Do we need to call cudaDeviceSynchronize after calling cublasSgemm?

Do the cublasXgemm routines take care of the cudaDeviceSynchronize, or should I call it after I call one of them?

Thank you

In general, the API is intended to be asynchronous. This isn’t always the case, but its generally not well specified, so the safe assumption is that it is asynchronous.

Therefore, when a call like cublasXgemm returns control to the host thread, its not guaranteed that the underlying work is complete.

However if your next step is additional CUDA work on those results, proper use of CUDA streams will prevent anything from running out of order, and it should not be necessary to use cudaDeviceSynchronize in most cases.

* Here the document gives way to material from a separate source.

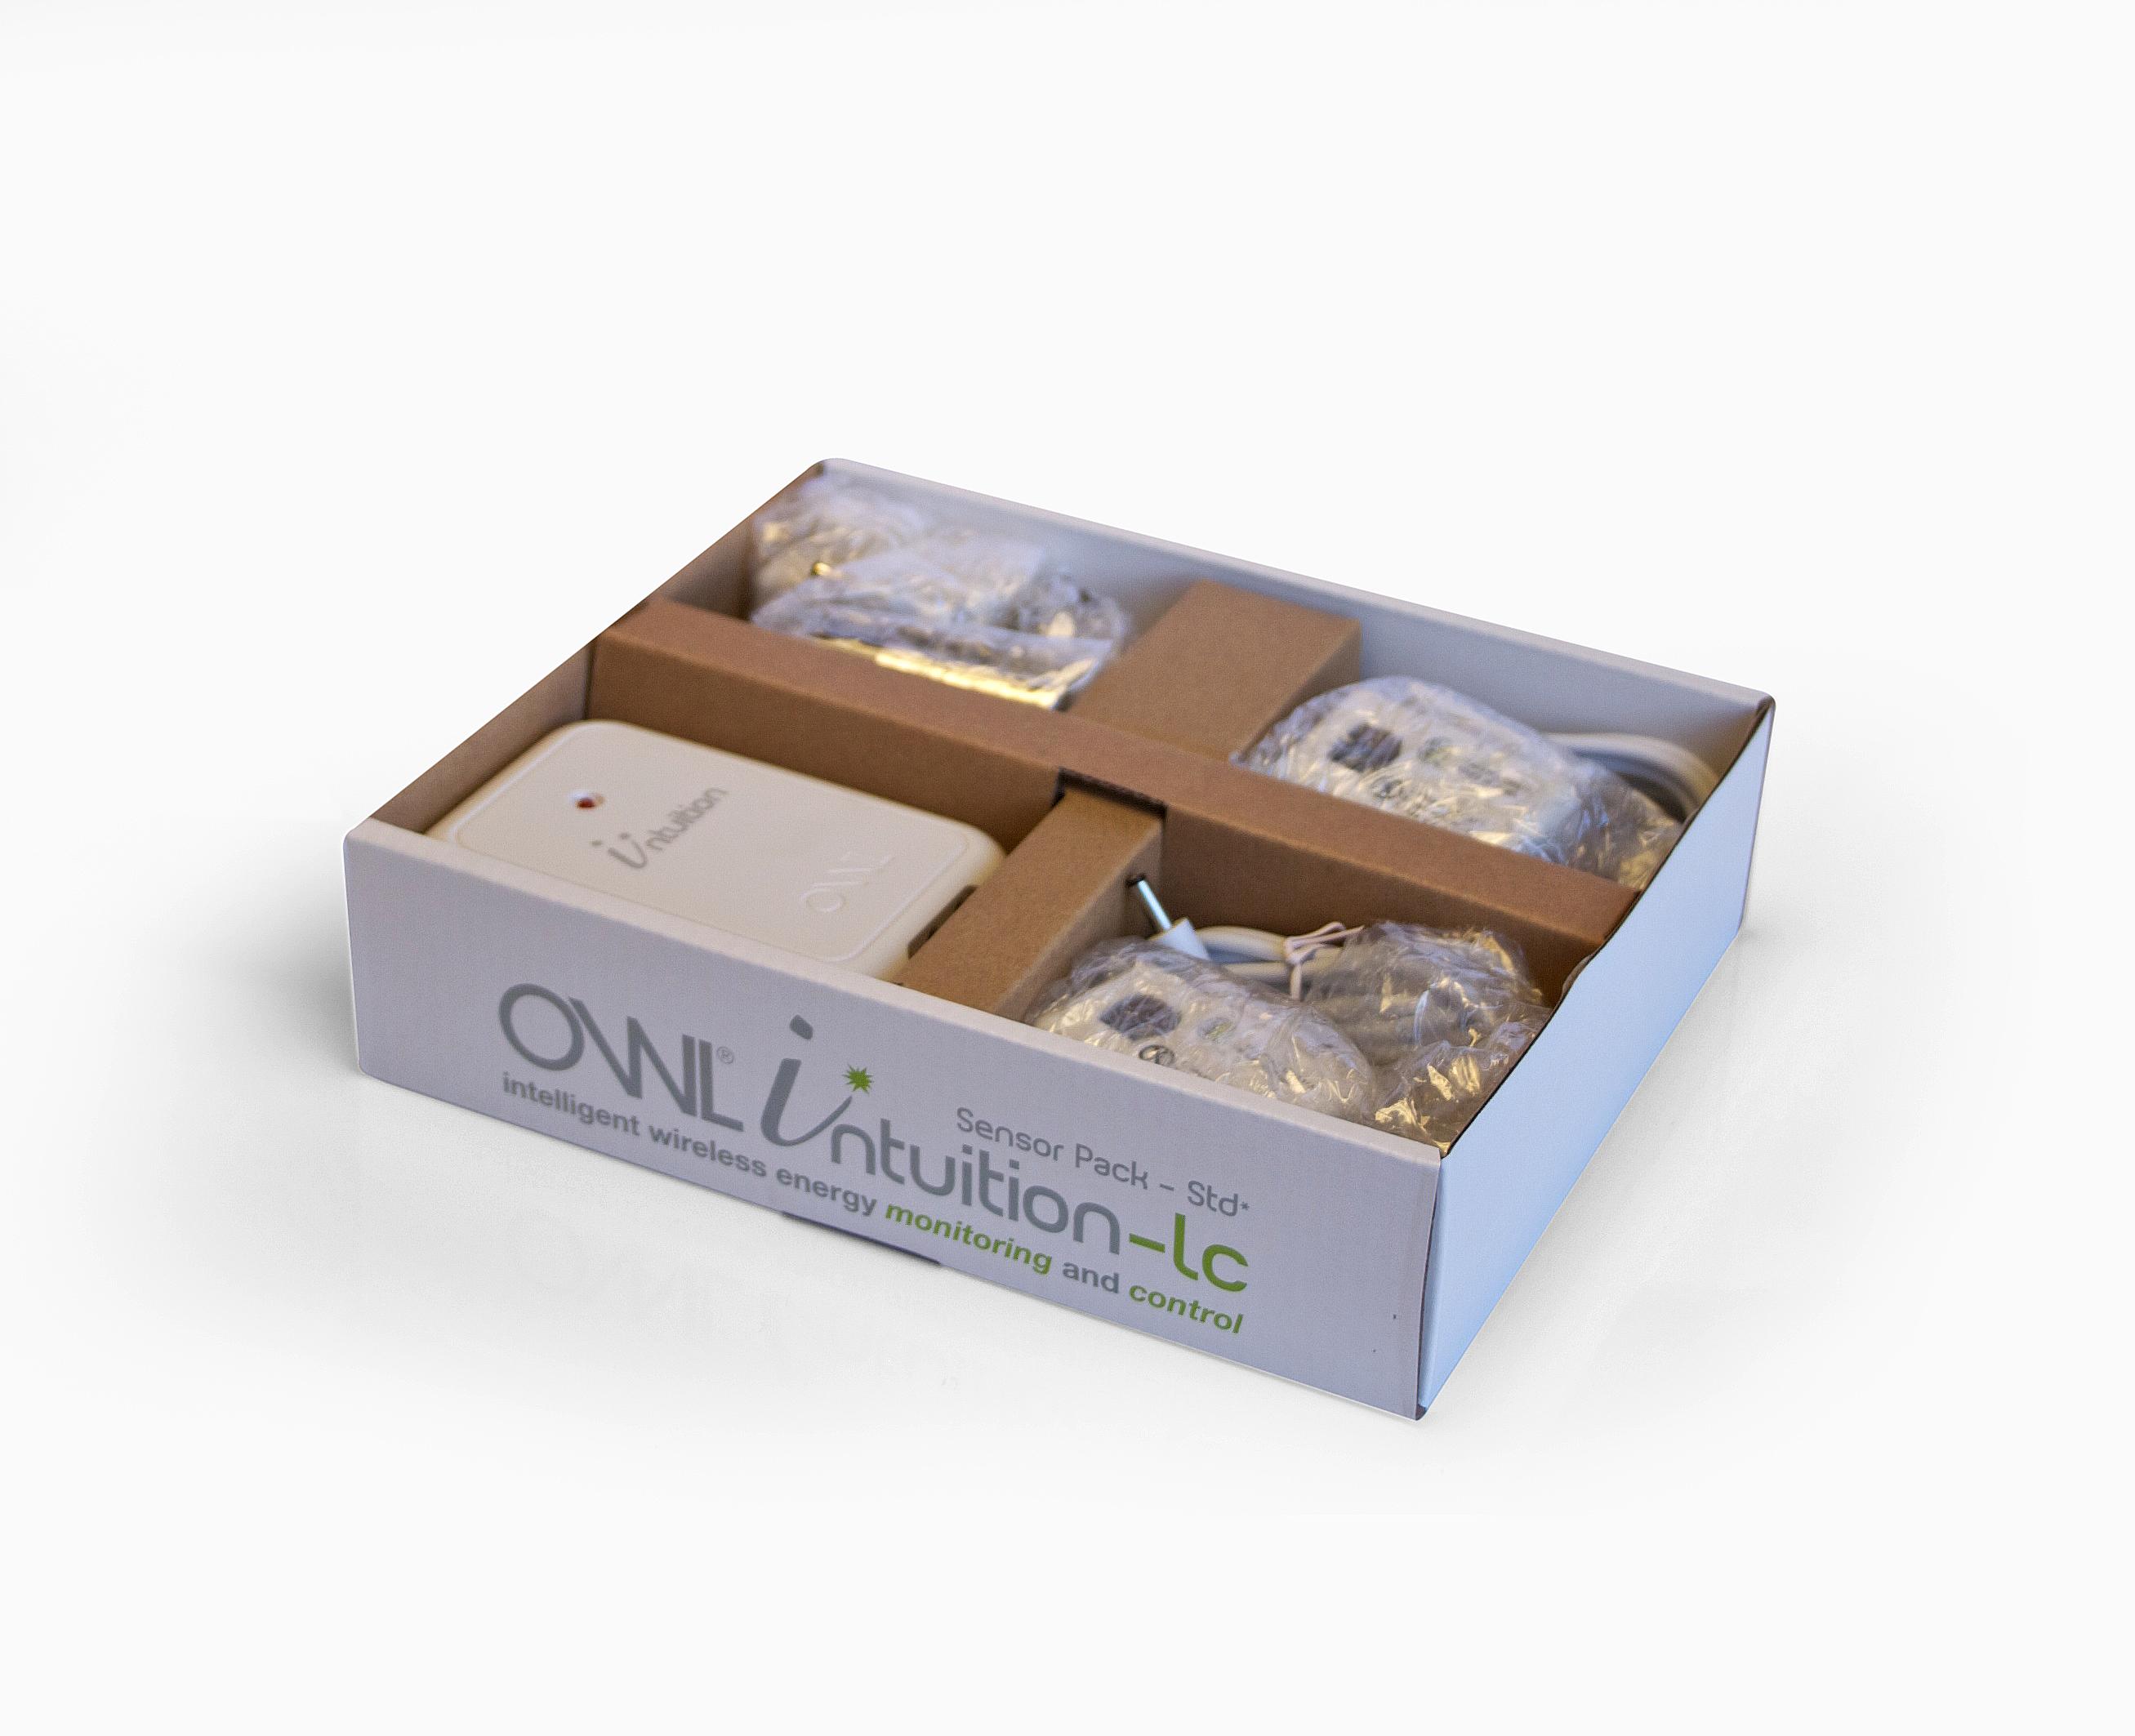 Owl Intuition-lc Sensor Pack Standard
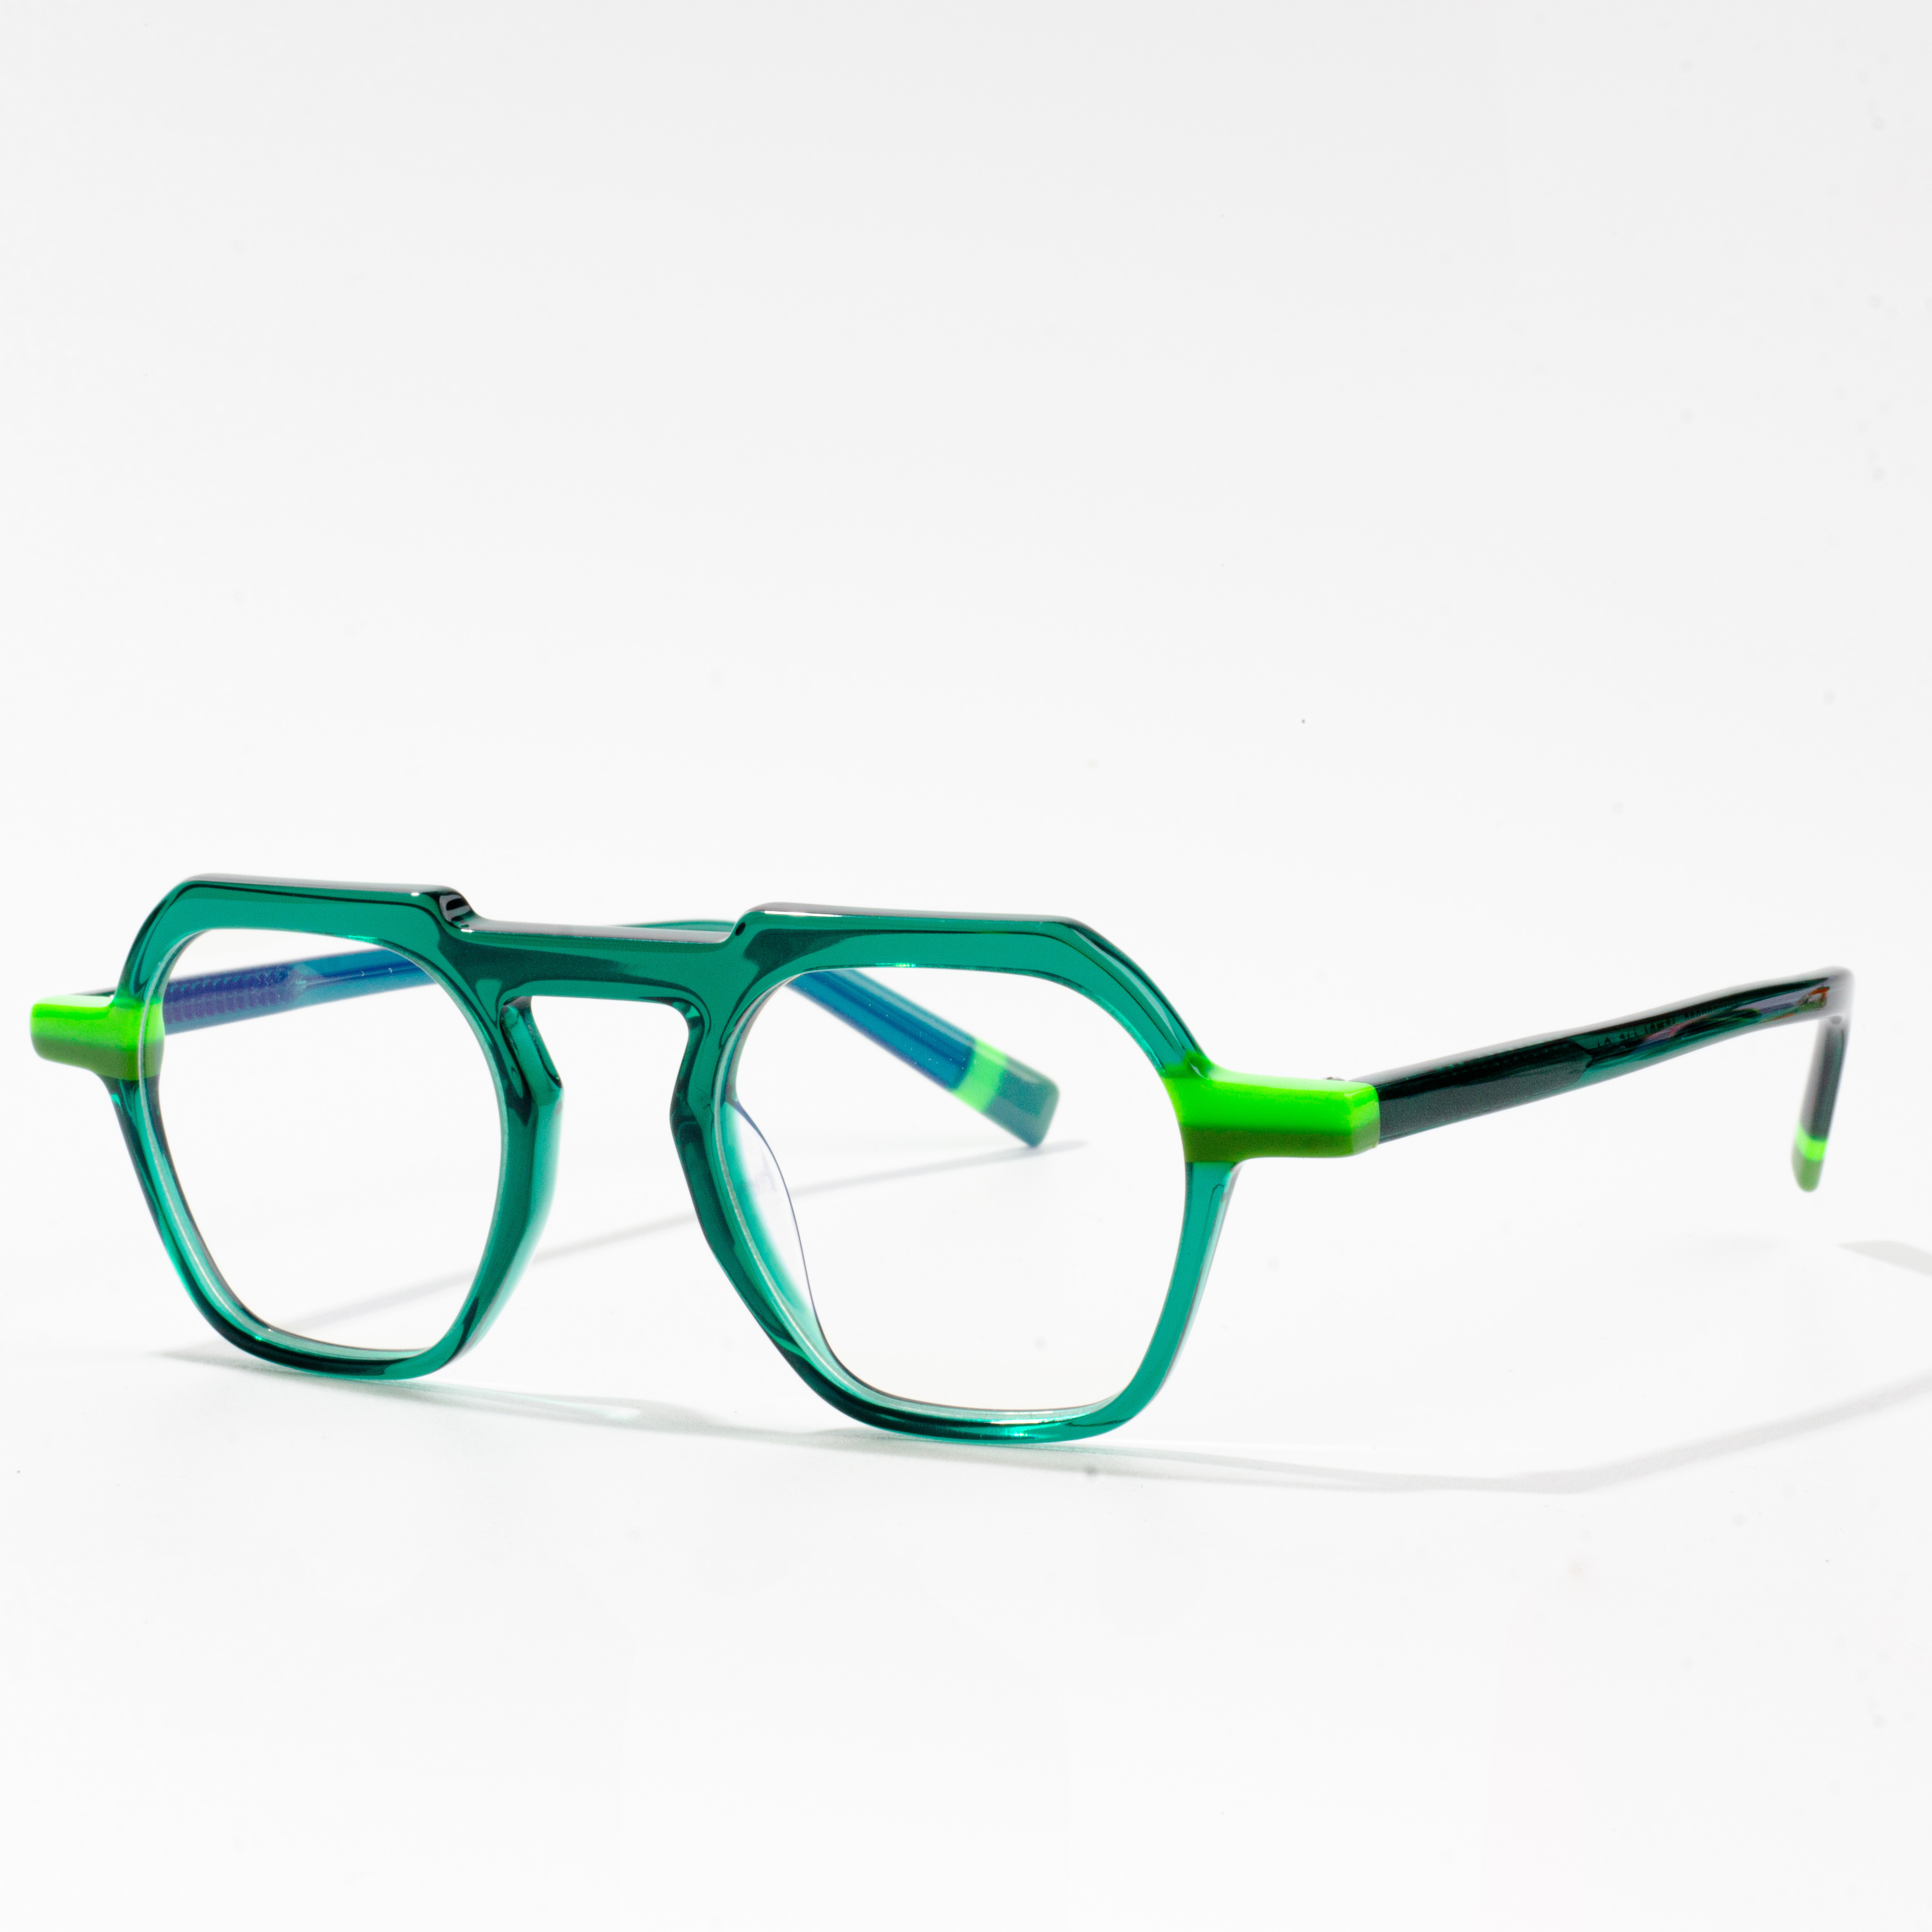 clear acetate glasses frames

And if your next step is to gather the results (back to the host) using e.g. cudaMemcpy, then that also has synchronization built in, so no extra calls to cudaDeviceSynchronize should be necessary.

in general, for many CUDA programs, the use of cudaDeviceSynchronize will typically be rare.

Exceptions to the above might occur in some cases if you are using managed memory (and thus there is no cudaMemcpy operation before inspecting results) or if you use cudaMemcpyAsync, or if you pass pointers returned by e.g. cudaHostAlloc (also indicating you’re not actually using cudaMemcpy)

Thank you